Center for Diagnostics Discovery is launching
Eric Rieders, an owner and former CEO of NMS Labs, is pursuing a new project in Horsham: an incubator called the Center for Diagnostics Discovery, for entrepreneurs working on new diagnostic products and processes.
Philadelphia Biz Journal reported that the proposed 50,000 square feet of space will live in the 150,000-square-foot building that houses NMS Labs. The space was previously leased by Cigna, and the site will focus on discovery, development and commercialization in diagnostics. Rieders said he’s modeling the site after the Pennsylvania Biotechnology Center in Bucks County.
“We’ve worked with some of the organizations inside of there, so I’ve been over there a couple of times,” he told PBJ. “A lot of the incubators and accelerators in the life sciences area are pointed at therapeutics, especially these days in Philadelphia where there’s an awful lot of interest in gene and cell therapy.”
The project will offer membership to entrepreneurs working on early- and mid-stage diagnostic science applications. That plan will include lab and business space, plus access to equipment, private office suites, meeting rooms and support facilities. The space is expected to be available in early 2024.
Invent Analytics raised a Series A
Center City-based retail planning solutions company Invent Analytics announced Tuesday that it had raised $7.5 million in Series A funding led by EBRD (that’s European Bank for Reconstruction and Development), with participation from Collective Spark. The round will be used to accelerate Invent Analytics’ growth in North America and Western Europe as the company continues to invest in its AI-powered supply chain tech for omni-channel retail, per a release.
The company helps retailers with profitability via demand forecasting, inventory planning and pricing. Invent counts a team of 140 including data scientists and engineers.
“Supply chain and inventory management have become a C-level priority for retailers due to the ongoing supply chain disruptions, inflationary pressures as well as consumers’ increasing expectations for omni-channel experience,” EBRD’s Yalcin Gungoren said in a statement. “Invent Analytics’ differentiated and science-driven retail planning suite delivers a measurable and straightforward ROI with an incredible speed-to-value.”

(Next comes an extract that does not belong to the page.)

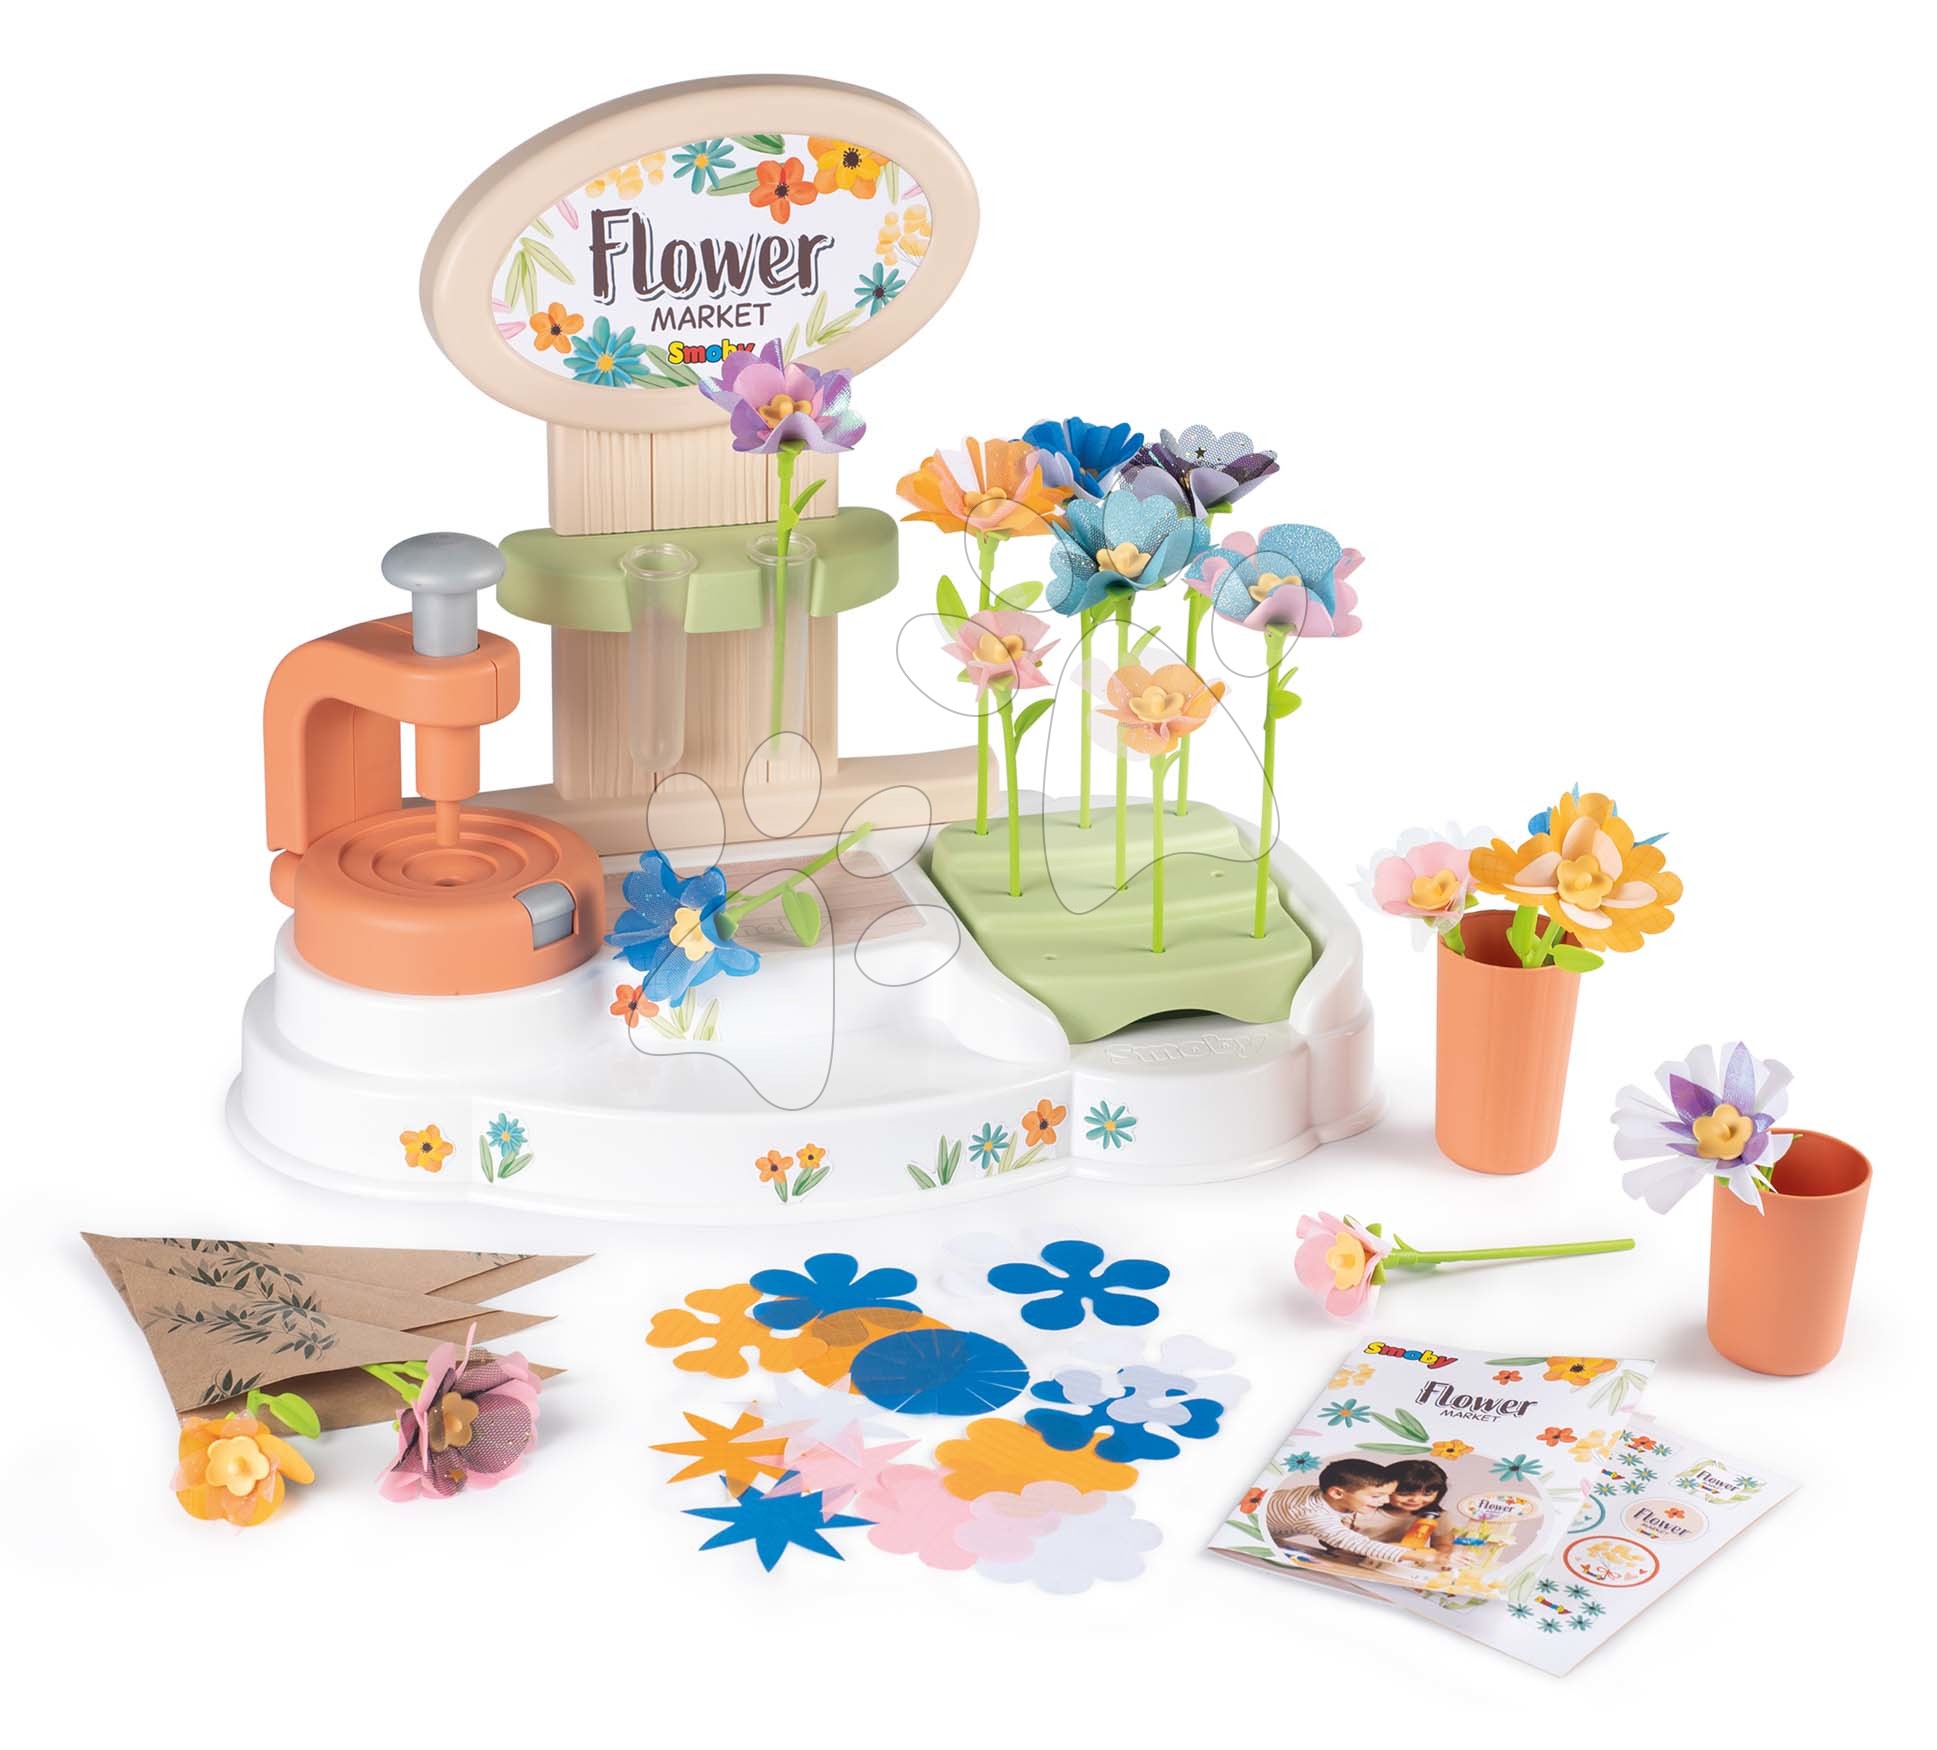 Obchody pre deti - Kvetinárstvo s vlastnou výrobou kvetov Flower Market Smoby z rôznych textilných lupienkov 104 doplnkov

Blumberg Institute got state funding
Doylestown-based Baruch S. Blumberg Institute’s Academic Entrepreneur Initiative was granted $2 million from the state’s Angel Investment Venture Capital Program at the end of November, the organization announced. Blumberg collaborates with other institutions and scientists to help develop biotechnology innovations into valuable, often-commercialized products for improving human health.
The Venture Program’s goal is to grow access to capital for high-growth startups and encourage job creation in Pennsylvania, with a focus on companies in commercializing R&D, tech transfer or the application of new technologies.
Blumberg will fund five biotech spinouts: MERLIN Biotech, Larlingene Life Sciences, RimmSting Life Sciences, Pentrávalent LLC and Cirna Diagnostics LLC.
“The Blumberg Institute is a true leader and example of how providing a unique environment including physical workspace, equipment and other business resources and collaborations can lead to the successful transition from a startup company to one with significant job creation and growth that now commercially produces products originally developed at these incubators,” said Senate Majority Appropriations Committee Chairman Pat Browne, who helped develop the Angel Investment Venture Capital Program, in a statement.
LifeX in Pittsburgh also recently received funding from the state program.